Smartphone health-monitoring apps can be invaluable for managing chronic diseases or setting fitness goals. However, these applications often suffer from slowdowns and energy inefficiencies due to the large machine-learning models they use. These models are frequently swapped between a smartphone and a central memory server, hampering performance.
One solution engineers have pursued is the use of hardware to reduce the need for such intensive data transfer. Machine-learning accelerators can streamline computations, but can also be vulnerable to attacks aiming to steal sensitive information.
To address these security risk, researchers from MIT and the MIT-IBM Watson AI Lab have developed a machine-learning accelerator that can resist two common types of attacks. The chip is designed to protect sensitive user data, such as health records and financial information, while still allowing AI models to run efficiently on devices. Despite slowing down devices somewhat and adding to their cost and power consumption, the team believes that the added security outweighs these potential drawbacks.
The chip employs several optimizations to ensure robust security. These measures do not impact the accuracy of computations and are particularly beneficial for demanding AI applications like augmented and virtual reality or autonomous driving.
The team focused on a type of machine-learning accelerator called digital in-memory compute (IMC). This type of chip performs computations within a device’s memory, storing parts of a machine-learning model after it has been moved from a central server. However, IMC chips can be exploited by hackers using side-channel and bus-probing attacks.

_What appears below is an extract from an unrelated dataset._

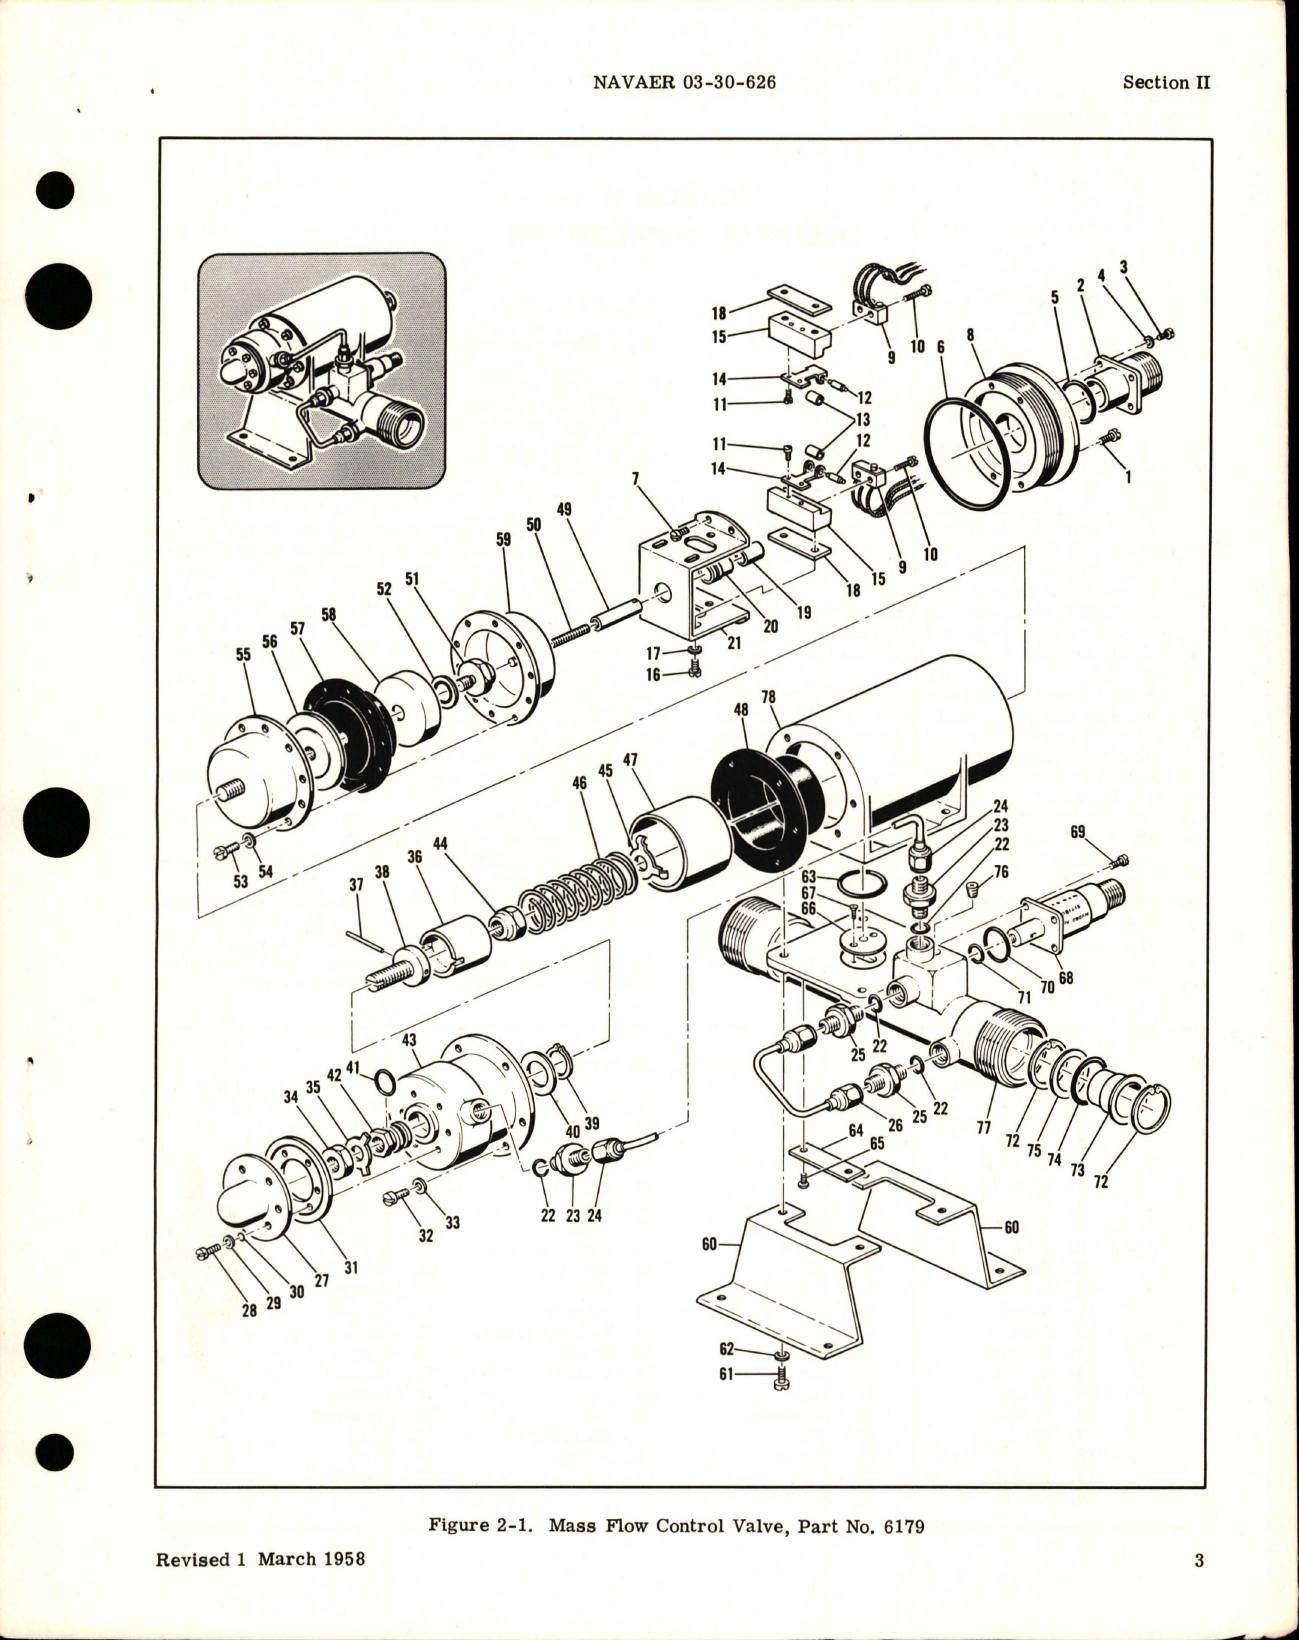 Sample page 5 from AirCorps Library document: Overhaul Instructions for Mass Flow Control Valve - Parts 6179 and 6179A

The researchers used a three-pronged approach to repel such attacks. Firstly, they split data into random pieces, making side-channel attacks incapable of reconstructing true information. Secondly, they employed a lightweight cipher to encrypt model stored in off-chip memory to prevent bus-probing attacks. Lastly, the key for decrypting the cipher was generated directly on the chip, eliminating the need for back-and-forth transfers.
According to Ashok, their tested chip resisted millions of attempted attacks during the testing phase, maintaining its robustness and integrity. In contrast, it only took about 5,000 samples to extract information from an unprotected chip.
Planning to minimize the energy consumption and size of their chip in the future, the team intends to explore methods to make it easier to scale.
This research, funded in part by the MIT-IBM Watson AI Lab, the National Science Foundation, and a Mathworks Engineering Fellowship, stresses the aspect of prioritizing security in the system’s design phase.